Title: Sintering temperature effects on the properties of stainless steel 316L compact fabricated by metal injection moulding
Authors: Nur Syawanie Manam; Wan Sharuzi Wan Harun; Mohd Halim Irwan Ibrahim; Nur Zalikha Khalil; Mahendran Samykano
Addresses: Faculty of Mechanical Engineering, Institute of Postgraduate Studies, Universiti Malaysia Pahang, Pekan, Pahang, Malaysia ' Human Engineering Group, Faculty of Mechanical Engineering, Universiti Malaysia Pahang, Pekan, Pahang, Malaysia ' Advanced Manufacturing and Material Centre, Faculty of Mechanical and Manufacturing Engineering, Universiti Tun Hussien Onn Malaysia, Parit Raja, Batu Pahat, Johor, Malaysia ' Human Engineering Group, Faculty of Mechanical Engineering, Universiti Malaysia Pahang, Pekan, Pahang, Malaysia ' Structural Materials and Degradation Group, Faculty of Mechanical Engineering, Universiti Malaysia Pahang, Pekan, Pahang, Malaysia
Abstract: Stainless steel (SS) 316L powder was prepared with polyethylene glycol (PEG), polymethyl methacrylate (PMMA), and stearic acid (SA) with powder loading 61 vol.%. The sintering parameter in metal injection moulding (MIM) process was manipulated to study its effects on physical, mechanical, and corrosion properties of SS 316L compact. The compacts was fabricated by MIM, and then sintered at 1,100, 1,200, and 1,300°C for 3 h using argon. Then, the compact was tested for density, shrinkage, tensile strength, microstructure, and corrosion behaviours. The compacts sintered at 1,300°C demonstrated highest relative density (94%) and tensile strength (309 MPa), with small porosity was noticed from microstructure. The corrosion potential (Ecorr) and corrosion current (Icorr) values showed higher corrosion resistance which were −3.25E-01 V and 4.93E-0.7 A.cm−2, respectively. The SS 316L compacts with sintering temperature of 1,300°C for 3h produces excellent physical, mechanical and corrosion properties compared to other temperatures.

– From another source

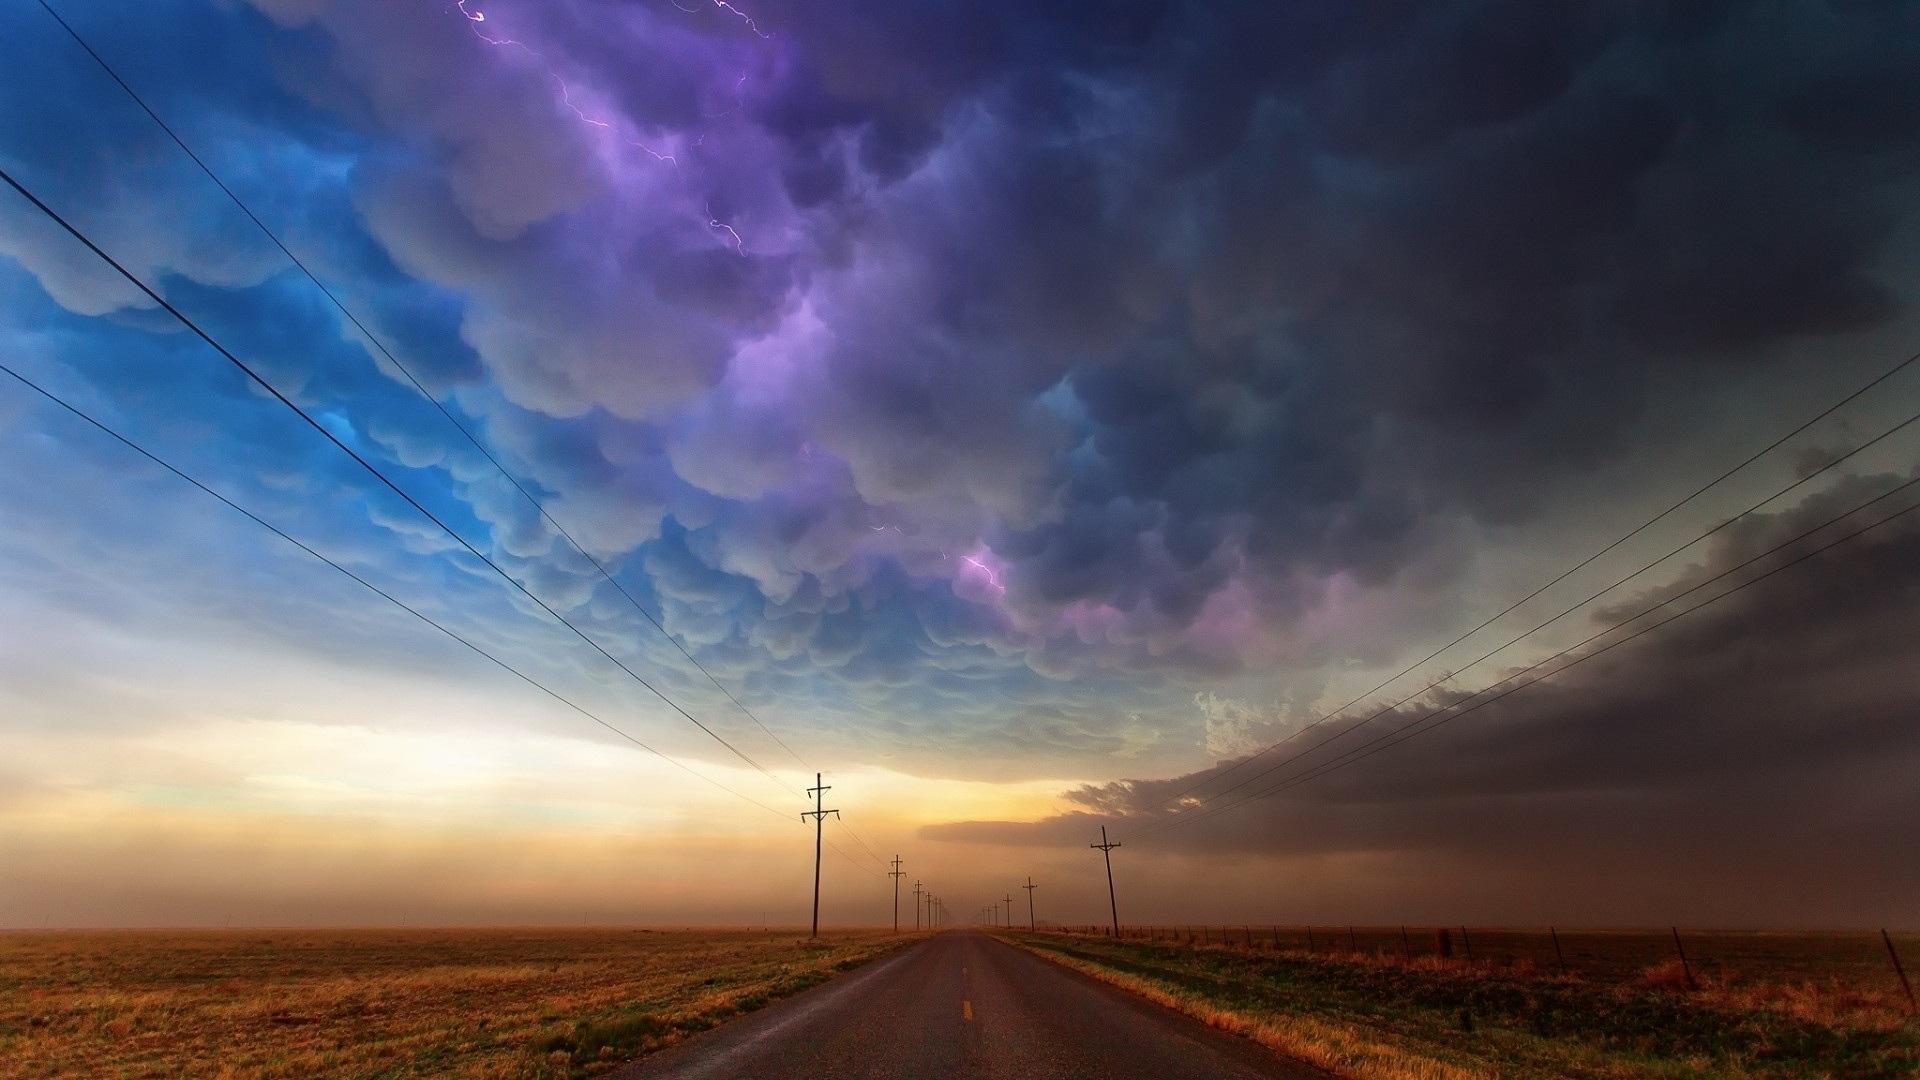 Cloud Nature Road Sky Storm 1920x1080

Keywords: SS 316L; metal injection moulding; MIM; manufacturing technology; sintering temperature; argon atmosphere; sintered density; mechanical properties; optical microstructure.
International Journal of Manufacturing Technology and Management, 2019 Vol.33 No.1/2, pp.37 - 52
Received: 20 Oct 2016
Accepted: 11 May 2017
Published online: 11 Jun 2019 *